Когда британский генерал Прескотт командовал в Род-Айленде во время Войны за независимость (тот самый, которого наш майор Бартон умыкнул ночью из его штаб-квартиры на китобое), его сильно не любили за глуоковатое высокомерие и неуместную гордыню. Однажды баптистский проповедник явился к нему с жалобой на притеснения, чинимые военными некоторым из его последователей, и, вынув из кармана Библию, принялся читать отрывок, который счел применимым к данному случаю; при виде этого генерал пришел в бешенство и вытолкал проповедника вместе с Библией из комнаты со словами: «Если бы не эта проклятая книга, у нас не было бы этого мятежа». За вычетом бранного эпитета, мы отдадим должное проницательности разгневанного шотландца. Это замечание не посрамило бы его соотечественника Дэвида Юма.

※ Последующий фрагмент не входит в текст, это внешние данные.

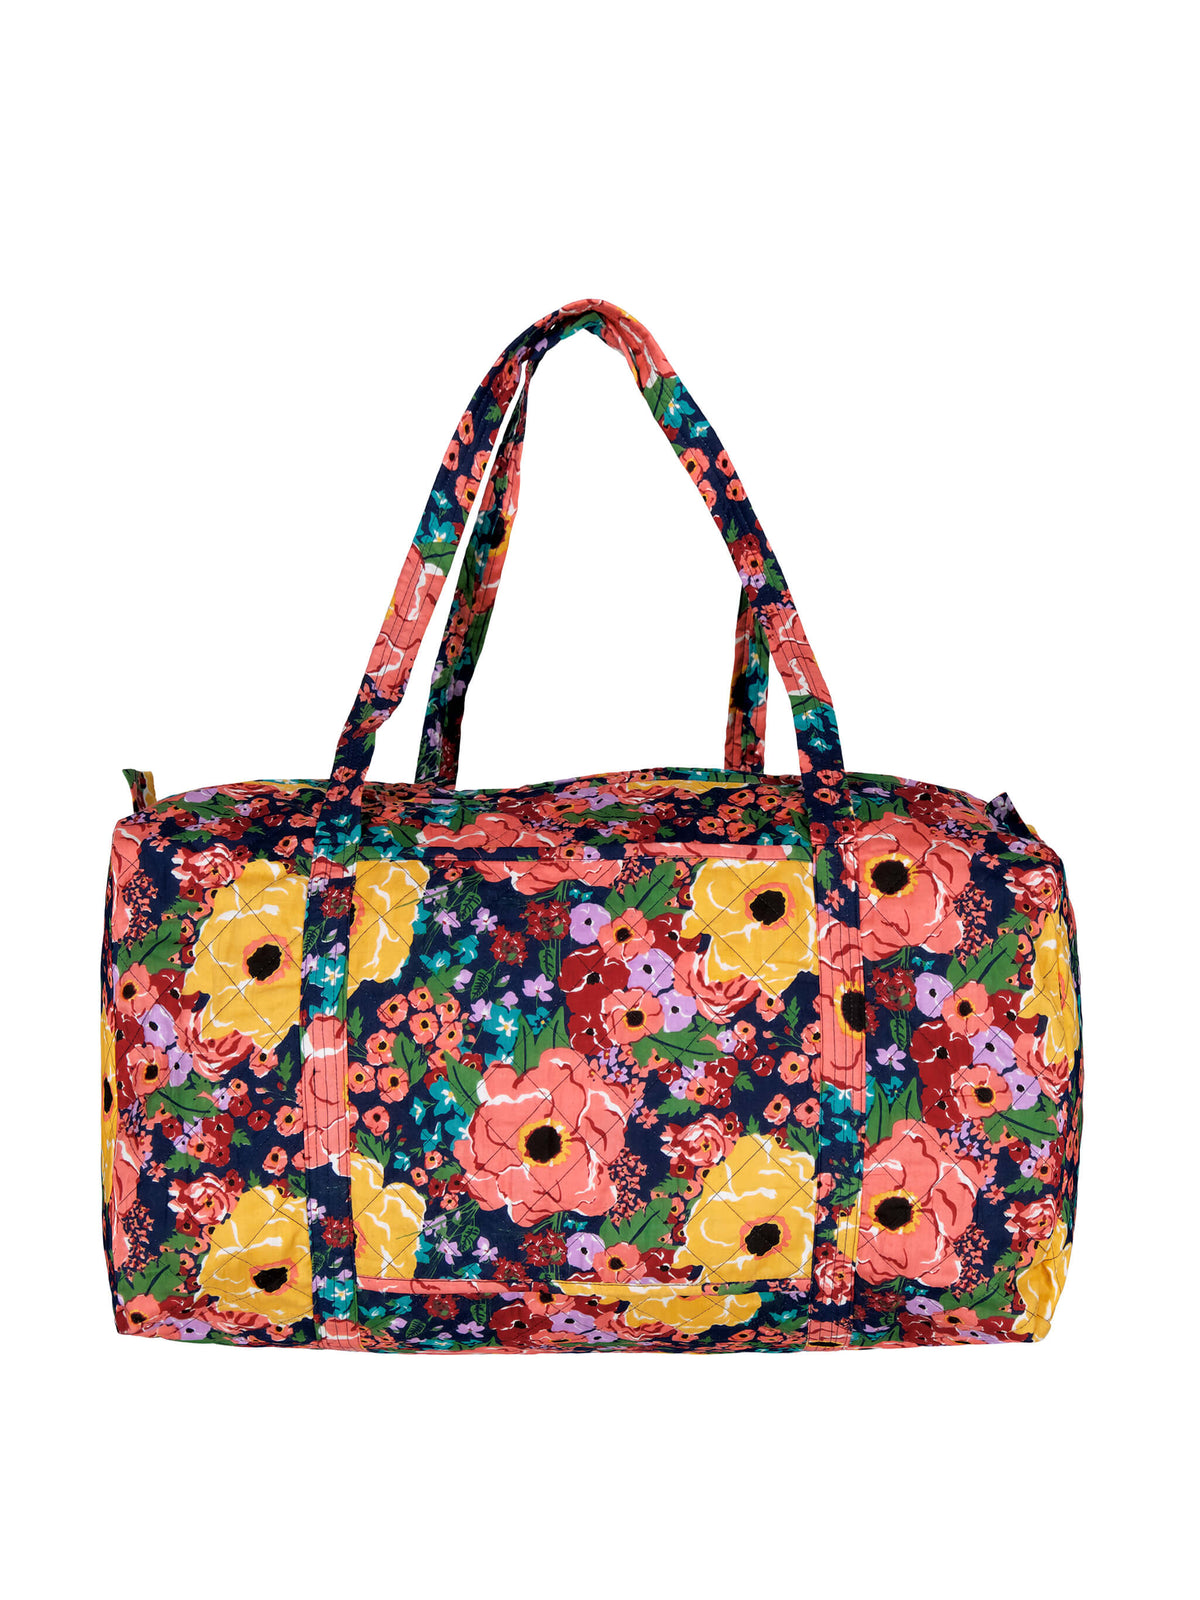 HELEN FLOWER quilted bag
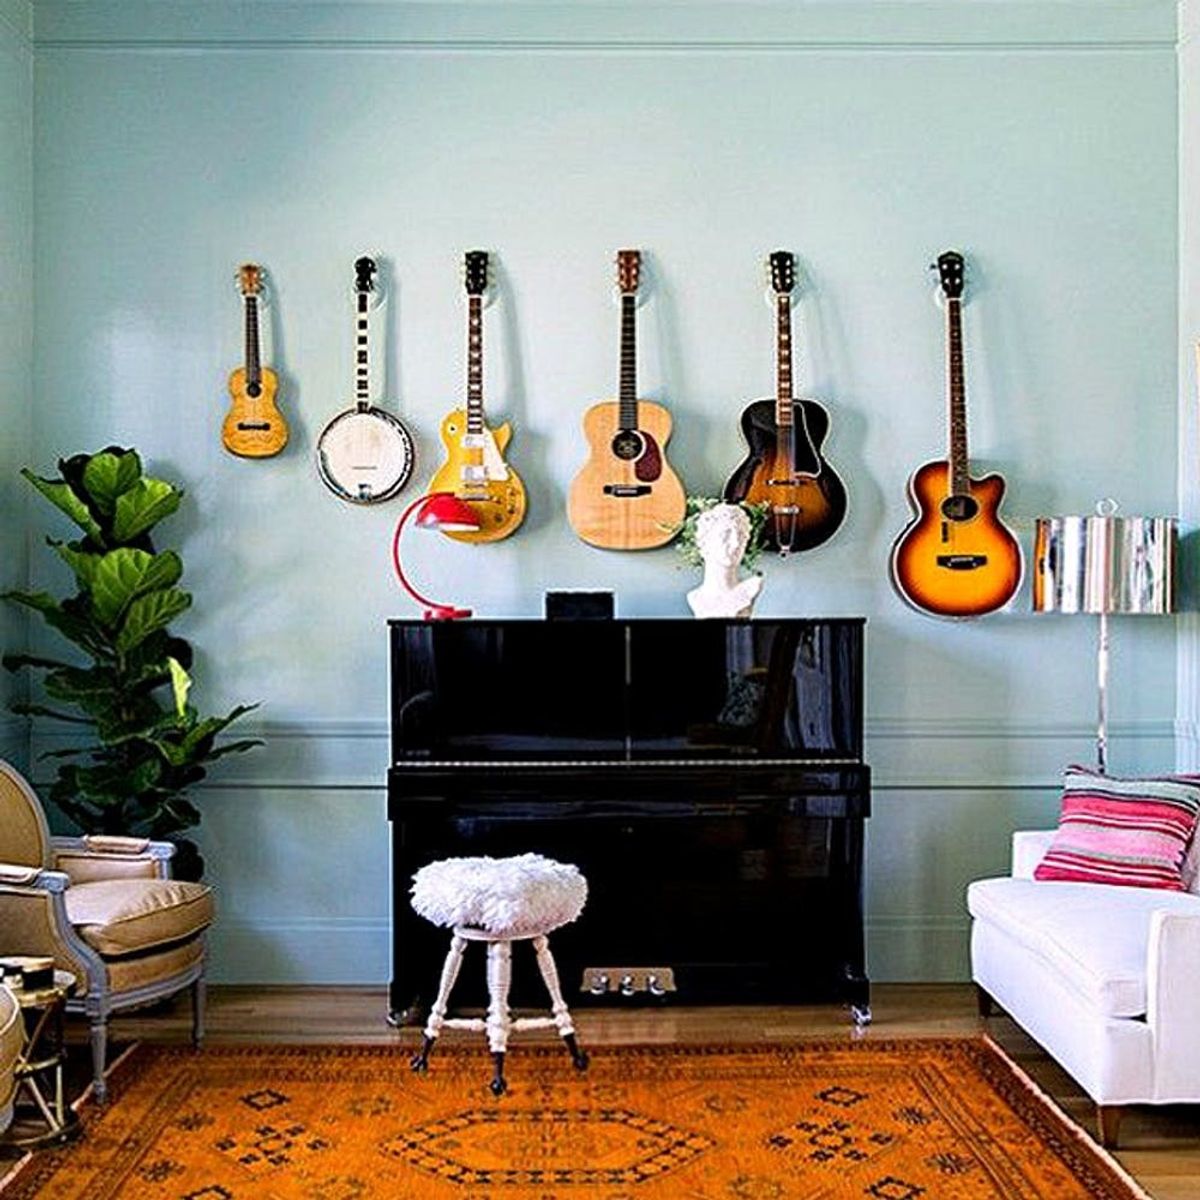 10 Ways to Decorate With Guitars That Would Make Taylor Swift Proud

Священник Саймон пользовался одной великой и вызывавшей зависть привилегией, на которую Джон никогда не претендовал, а именно — знакомством и общением с ангелом Гавриилом. Он получал от этого небесного вестника множество откровений и пересказывал их своей церкви. Они касались главным образом судьбы его товарищей по заключению; об одном из них он поведал пастве с трепетом и торжественностью.
«Я видел, — рассказывал он, — как яркий свет струился сквозь прутья лишь одного окна еще до наступления рассвета. Я поднял глаза и увидел нечто похожее на человека с крыльями. Сначала я испугался и закричал: „Кто идет туда?“, ибо не мог разглядеть его лица. Тут же оконные прутья подались в обе стороны, его голова и плечи просунулись внутрь, и я узнал в нем ангела Гавриила. „Саймон, — сказал он, — я пришел сказать тебе, что эта тюрьма пойдет ко дну до истечения сорока дней, ибо ее обитатели столь нечестивы и не хотят раскаяться“. Ну, я поблагодарил его; и он втянул голову обратно, а железные прутья встали на свое место, после чего он распустил крылья, покрытые десятью тысячами звезд, отчего при его отлете сделалось очень светло». Таков был метод, использованный этим хитроумным чернокожим для того, чтобы вытащить соотечественников из пучины порока; и он возымел желаемое действие. Это предсказание внушило благоговение многим неграм и в большей или меньшей степени повлияло на каждого из них. Они стали щедрее на пожертвования, что позволило Саймону приобрести новый зеленый сюртук. Казалось, будто самые отъявленные негодяи из этой компании испытывали тайный страх перед пророчеством Саймона и были готовы заслужить его благосклонность пожертвованиями вместо покаяния. Разве не этот мотив созидал церкви, монастыри и обители? Многие из прихожан церкви Саймона были глубоко охвачены страхом перед тем, что тюрьма затонет в течение сорока дней.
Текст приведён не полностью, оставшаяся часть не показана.